* **Task statement**
Could the data below be copied exactly, minus the pictures?

* **Input data**
BEGIN

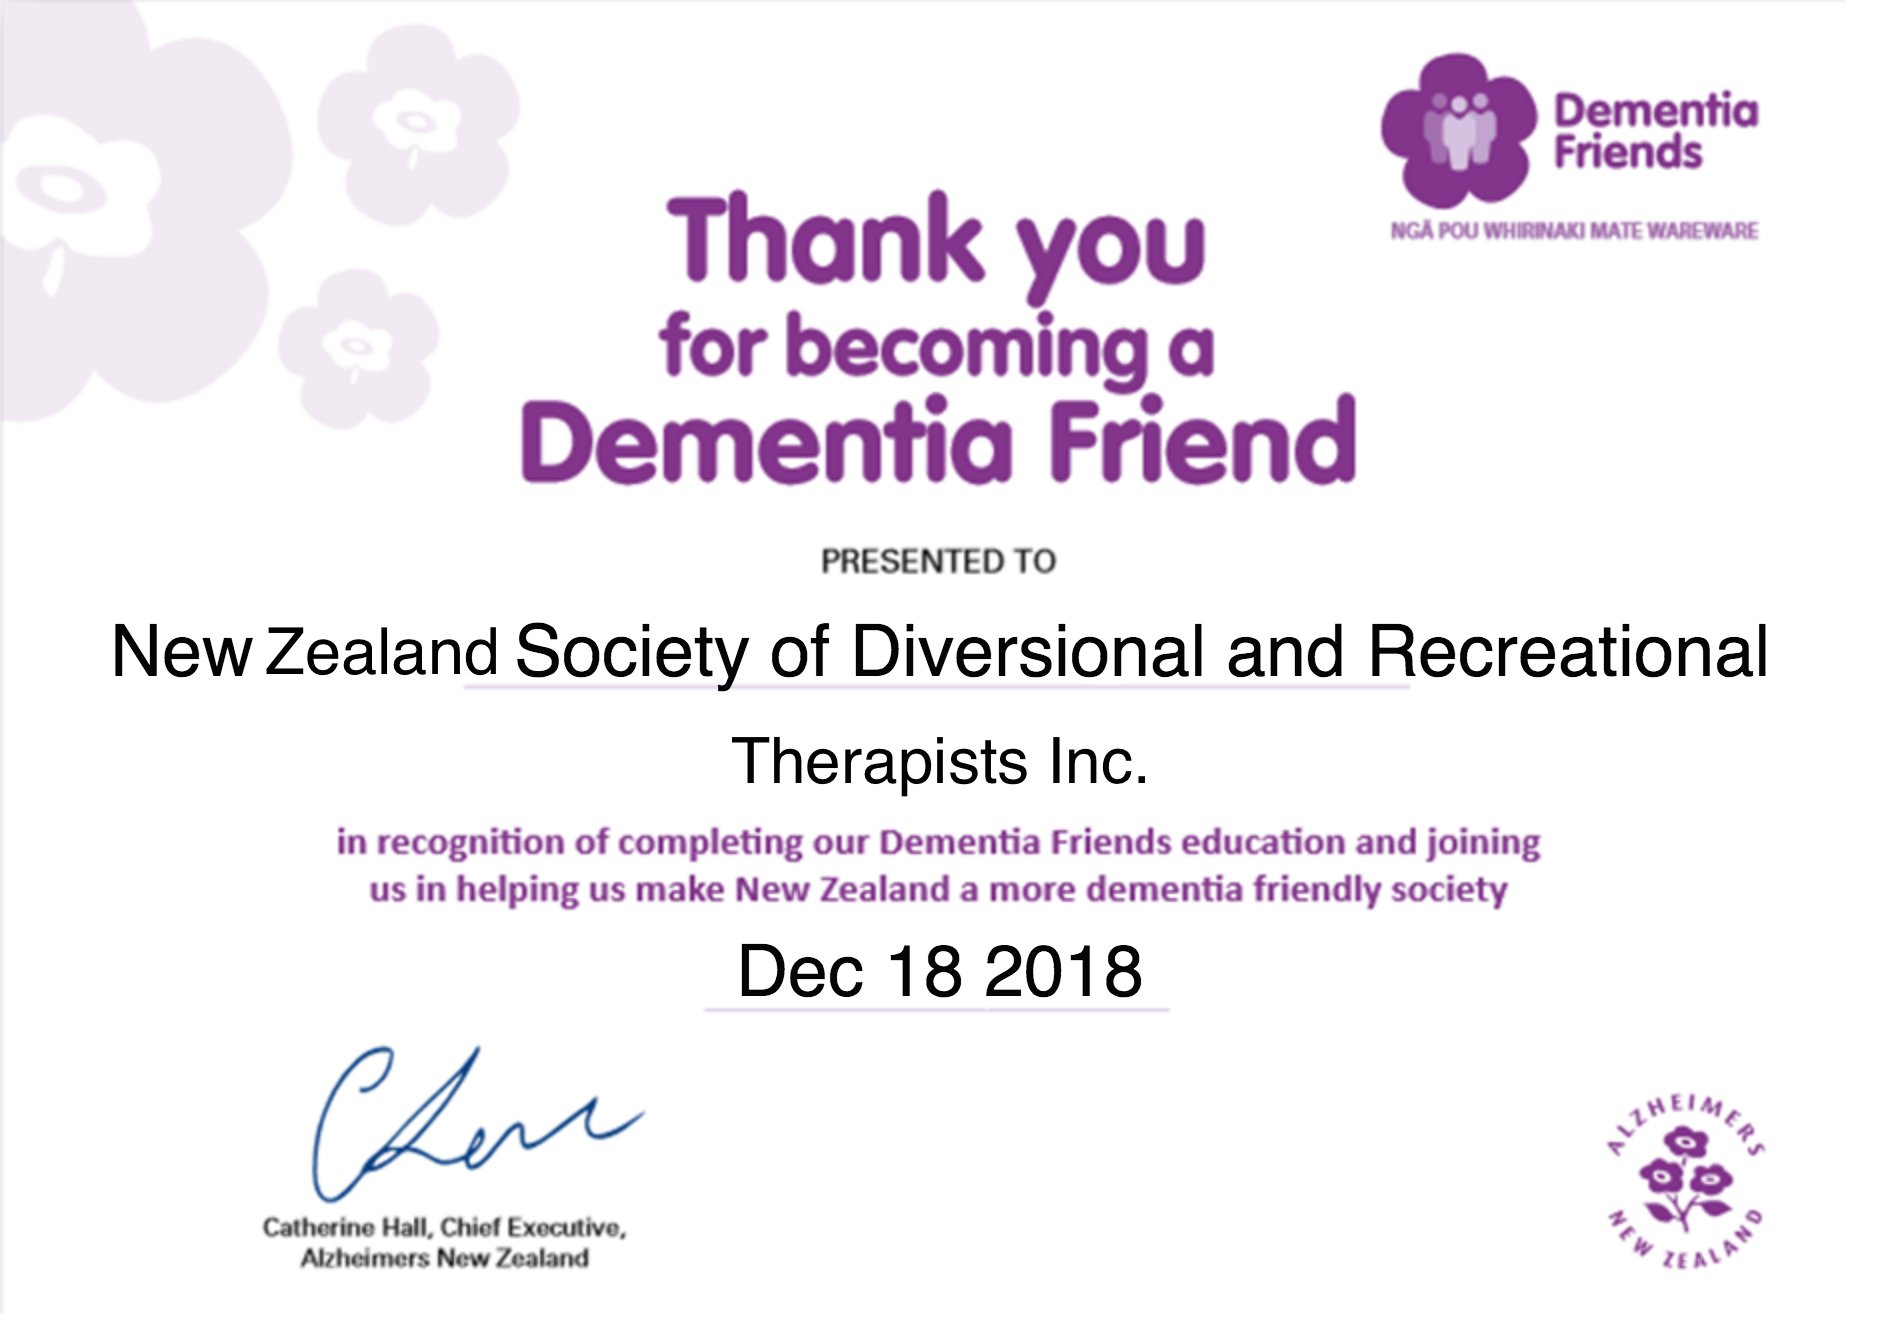 NZSDRT Inc. Dementia Friends
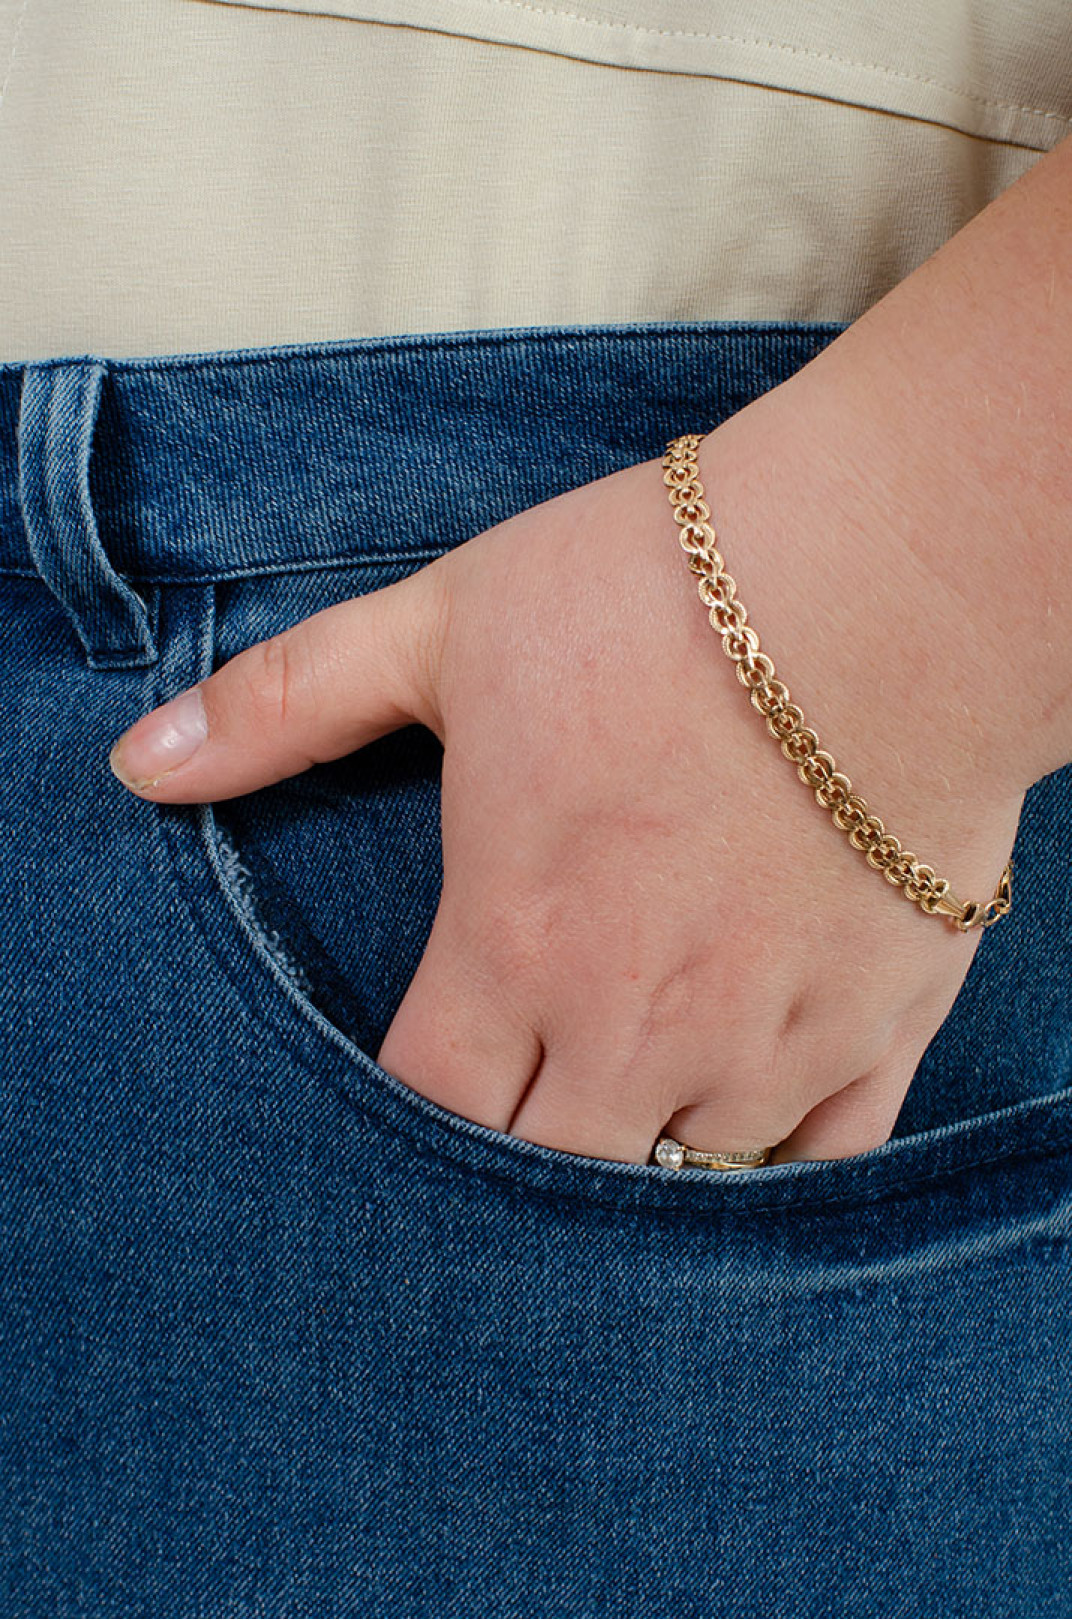 Шорты джинсовые больших размеров
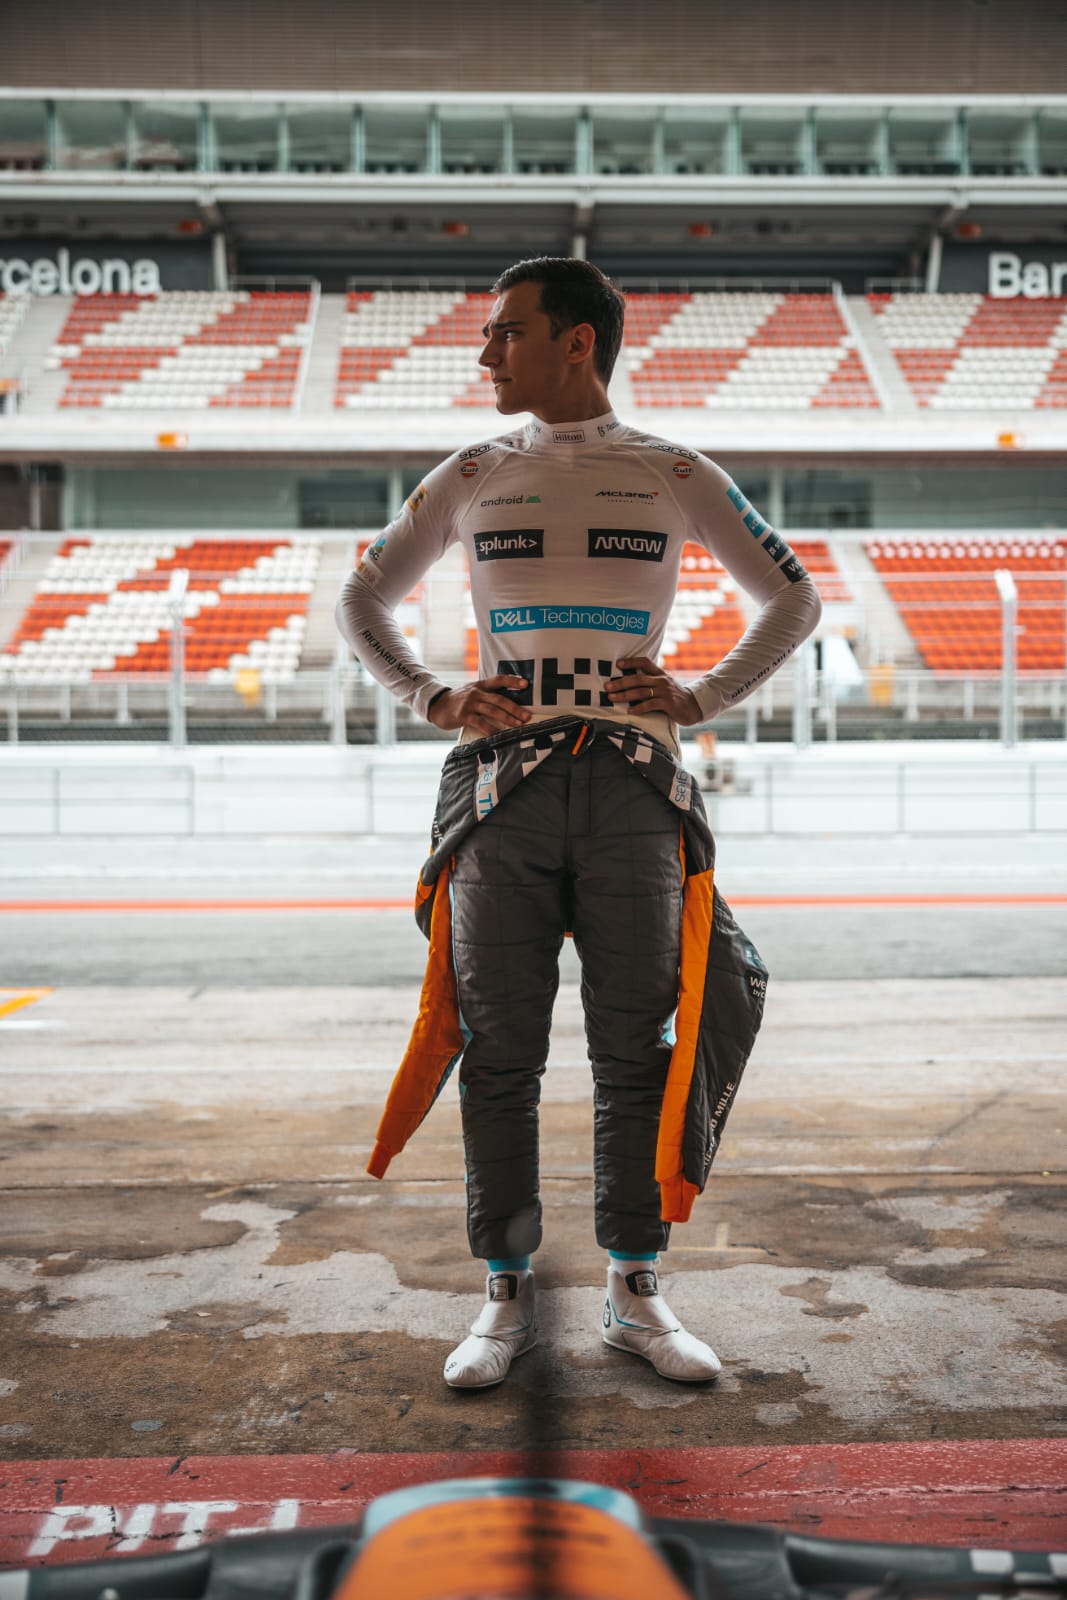 A dream comes true: Palou drives Formula One!

END

* **Problem solution**
 NZSDRT Inc. Dementia Friends
 Шорты джинсовые больших размеров
 A dream comes true: Palou drives Formula One!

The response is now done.